Former secretary of State Hillary Clinton’s opponents tried to paint her as a misguided hawk for having voted, when she was a US senator, to allow the Iraq war (which she has since acknowledged was a mis­take) and for currently pressing for a no-fly zone in Syria.

Long-shot candidate Lincoln Chafee, a former senator and gov­ernor of Rhode Island, touted his vote in the Senate opposing the Iraq war, having been the only Sen­ate Republican to do so (he has since changed parties). He said Clinton showed “poor judgment” and implied that she might make questionable decisions again.

Clinton’s chief rival, US Sena­tor Bernie Sanders from Vermont, called the Iraq war the “worst for­eign policy blunder in the history of our country” and emphasised that when he voted against the war resolution in 2002 he predicted correctly that it would lead to Iraq’s destabilisation.

Sanders’s remarks were echoed by former Maryland governor Mar­tin O’Malley — another long-shot candidate — who said the Iraq war was undertaken under “false pre­tences” and that legislators “got railroaded” into voting for it. He added that, at the time, he — then the mayor of Baltimore — felt “the world had gone mad” because many people were saying that it “would only take a couple of years to build democracy in Iraq”.

Clinton responded to these di­rect and indirect attacks by saying that US President Barack Obama, her opponent for the Democratic Party presidential nomination in 2008, “valued my judgment” in choosing her as secretary of State. She added that she spent “a lot of time” in the White House Situation Room making “very difficult deci­sions” with the president.

Sanders described the Syria crisis as a “quagmire in a quagmire” and said he sympathised with Obama for “trying to thread a tough nee­dle” by supporting Syrians who are against both Assad and the Islamic State (ISIS) “without getting us on the ground there”.

But Sanders criticised Clinton for supporting a no-fly zone in Syria, which he described as a “very dangerous situation”. When asked what he would do in Syria, Sanders said he supported “putting togeth­er a coalition of Arab countries”, not the use of US troops.

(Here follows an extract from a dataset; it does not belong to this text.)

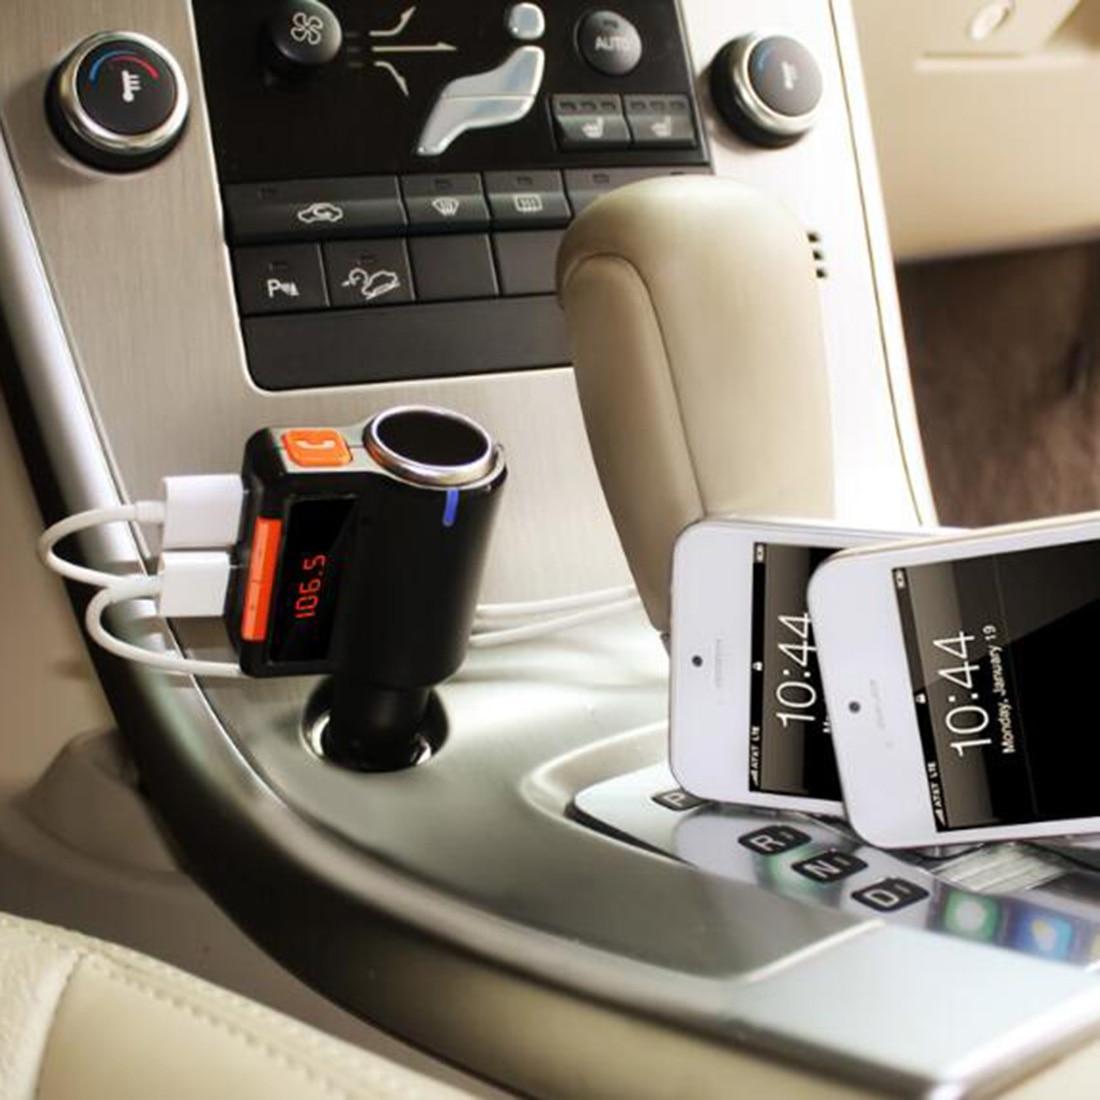 Marsnaska FM transmitter Modulator Bluetooth Handfree Car MP3 Player Radio Adapter Dual USB Cigarette Lighter For CellPhone

Clinton responded said she also opposes putting US troops on the ground in Syria, and supported building an Arab coalition when she was secretary of State.

On the issue of Russian involve­ment in Syria, Clinton said the United States must stand up to Russia President Vladimir Putin’s “bullying” and tell him it is “not acceptable” to bomb people on be­half of Assad.

She added that the United States must use leverage to convince the Russians to work towards a politi­cal solution to the crisis and said her support for a no-fly zone was part of this leverage.

Sanders, by contrast, said Pu­tin would “regret what he is do­ing in Syria” once the Russians get bogged down and suffered casual­ties there, and he suggested the Russian people would then send Putin a message to desist and “start working with the United States”.

Former US senator Jim Webb, from Virginia, who has since with­drawn from the Democratic prima­ries, tried to inject the Iran nuclear issue into the debate by saying that it enhanced Iran’s power in the re­gion and made both Israel and Sau­di Arabia question US commitment to its allies. Webb later seemed to contradict himself by saying the United States needs to focus more on Asia because the greatest strate­gic threat to the United States was aggression and cyberattacks by China.

Although Sanders did well in the debate and generated enthusi­asm from his more left-wing base, Clinton had a very good night and showed that she was in command of the issues. She has staked out a more hawkish position than most of her Democratic rivals and ap­pears much less reluctant than Obama to get more involved mili­tarily in the Syrian crisis.

Undoubtedly, Clinton is eyeing the general election against a likely Republican hawk but she will still have to walk a political tightrope because the American people as a whole remain skittish about “mili­tary entanglements” in the Middle East.